Option 1 — Report a New IOC via GitHub Issues (Easiest)

If you have new indicators but don't want to edit the documentation yourself:

  1. Navigate to the Issues tab.
  2. Click New Issue.
  3. Include as much context as possible:
    • What the file is and what it does
    • Where it was found (directory path)
    • SHA-256 hash
    • Date of first observation
    • Campaign name or profile identifier if known
    • Any associated network IOCs (defanged — see guidelines below)

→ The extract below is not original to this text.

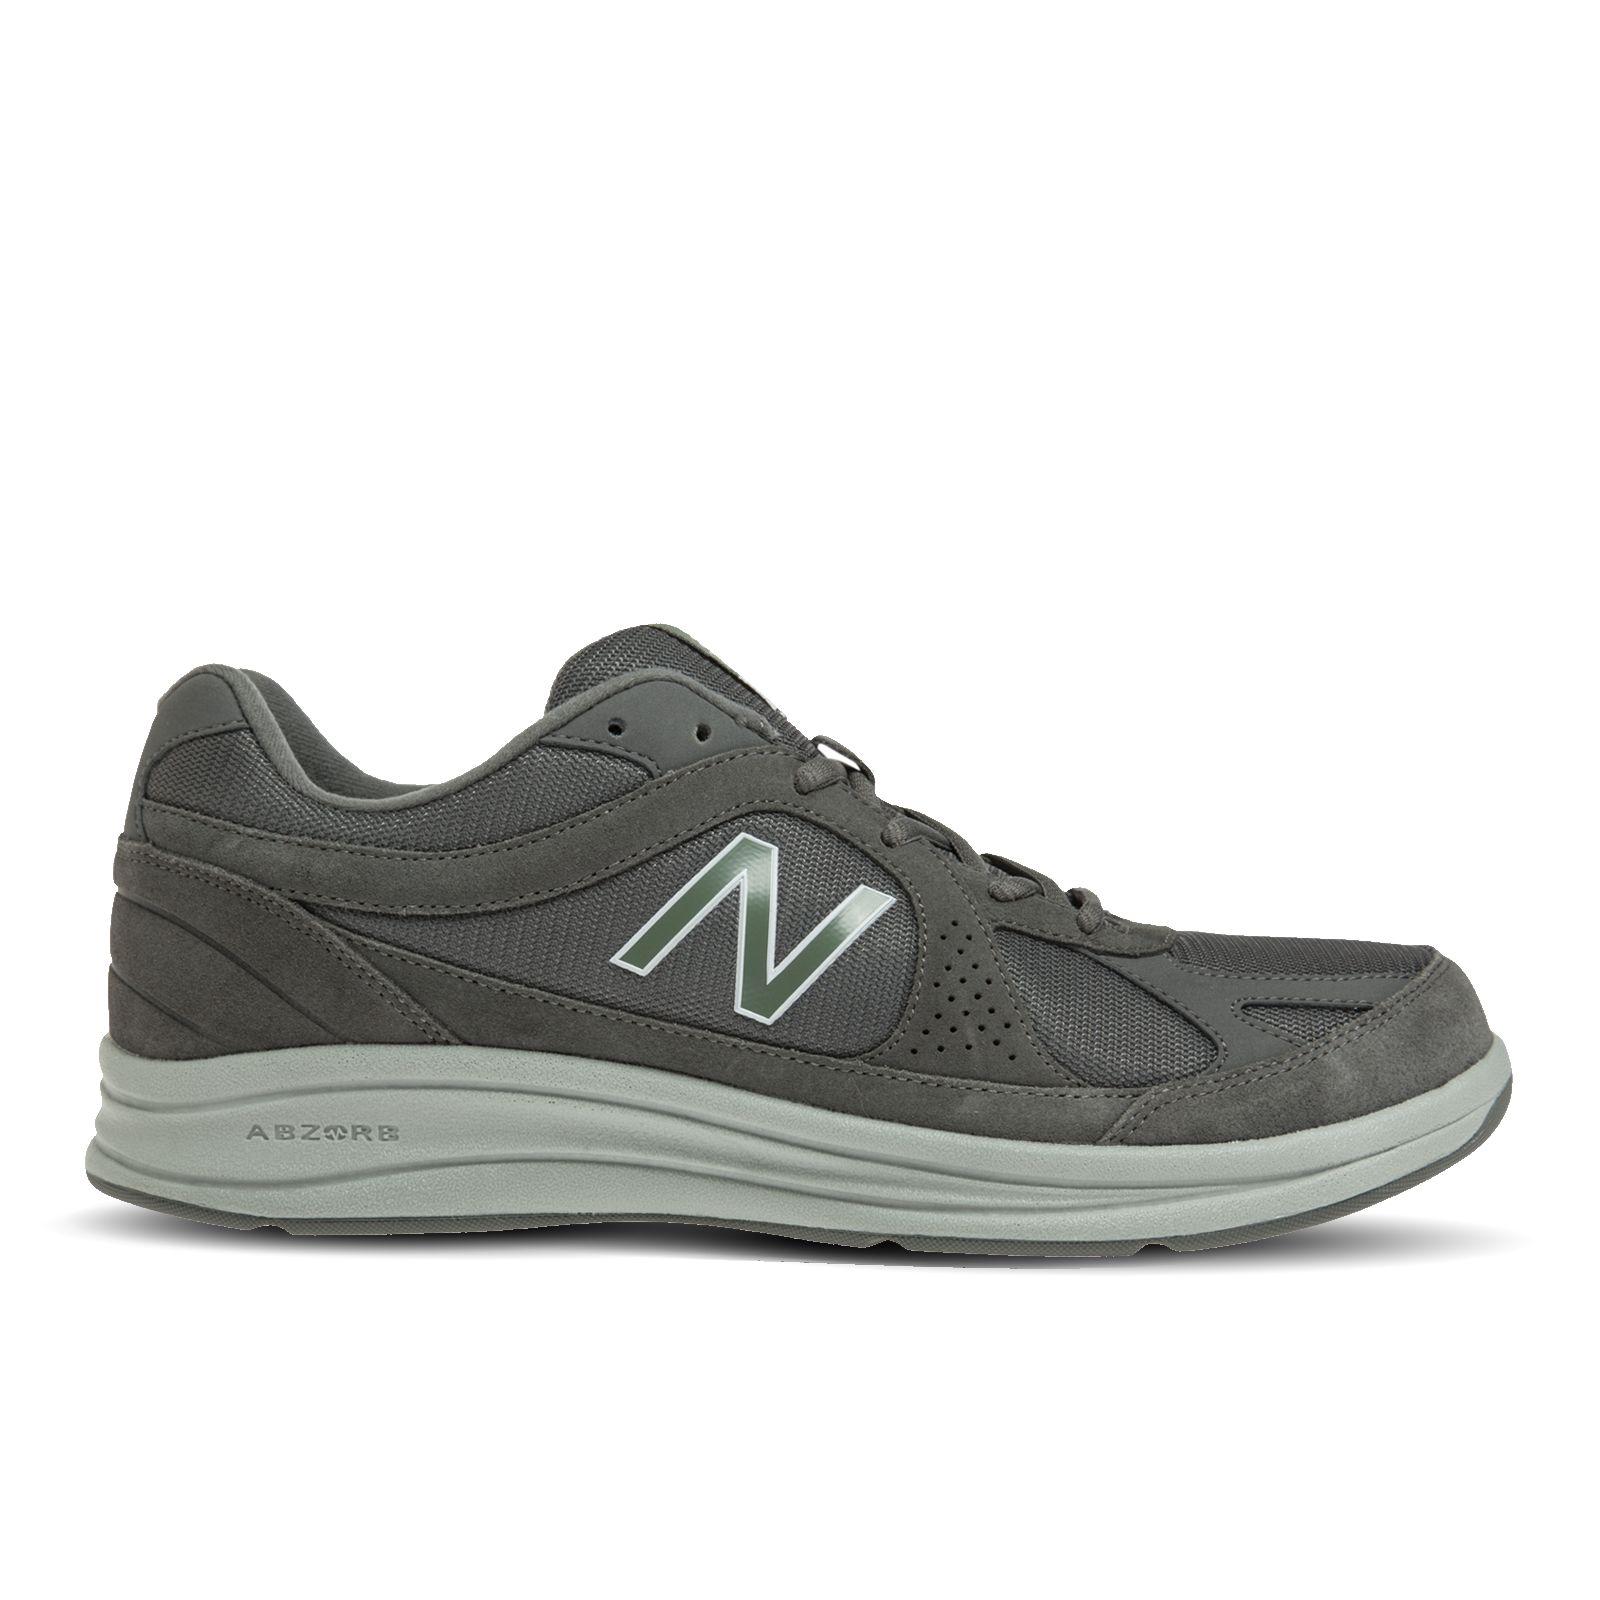 buy new balance walking shoes

Option 2 — Submit a Pull Request

To add data directly to indicators.md or improve the remediation scripts:

  1. Fork the repository to your own GitHub account.
  2. Clone your fork to a local machine.
  3. Create a new branch for your update:
    git checkout -b add-new-iocs-june-2026
    
  4. Make your changes to indicators.md or the relevant script files. Keep formatting consistent with the existing layout.
  5. Commit with a clear, descriptive message:
    git commit -m "Add new JWrapper C2 relay IP and updated campaign profile name"
    
  6. Push your branch to your fork:
    git push origin add-new-iocs-june-2026
    
  7. Open a Pull Request against the main branch of this repository.

Contribution Guidelines

Defang Network Indicators

When including IPs, domains, or URLs in Issues or PR descriptions, defang them to prevent accidental clicks:

147[.]45[.]218[.]0
hXXp://91[.]215[.]85[.]219:443
gqpplgq2g[.]anondns[.]net

In indicators.md itself, plain format is fine since the document is used for hunting and blocking — just be consistent with the existing style.

Real-World Data Only

Only submit IOCs verified during an actual incident response or malware analysis engagement. No theoretical, generated, or hypothetical indicators.

Context Is Everything

A file hash alone is useful. A file hash plus the directory it was found in plus the registry key that launched it plus the campaign profile it was associated with is far more valuable. Provide as much surrounding context as you legally and safely can.

Sanitize Before Submitting — CRITICAL

Before submitting any logs, screenshots, config files, or extracted data, scrub all of the following:

  • Internal hostnames and computer names
  • Internal IP addresses (RFC 1918 ranges: 10.x, 172.16–31.x, 192.168.x)
  • Usernames, employee names, or any PII
  • Company names, client names, or identifying business information
  • Email addresses (other than attacker infrastructure)
  • File paths that contain usernames (e.g., C:\Users\john.smith\... → replace with C:\Users\[USERNAME]\...)

If you are unsure whether something is safe to share, err on the side of caution and open an Issue with a summary instead.


Code of Conduct

By participating in this project, you agree to abide by standard open-source community guidelines. Be respectful, constructive, and focused on the shared goal of improving defensive cybersecurity. Contributions intended to enable offensive use of this data will be rejected.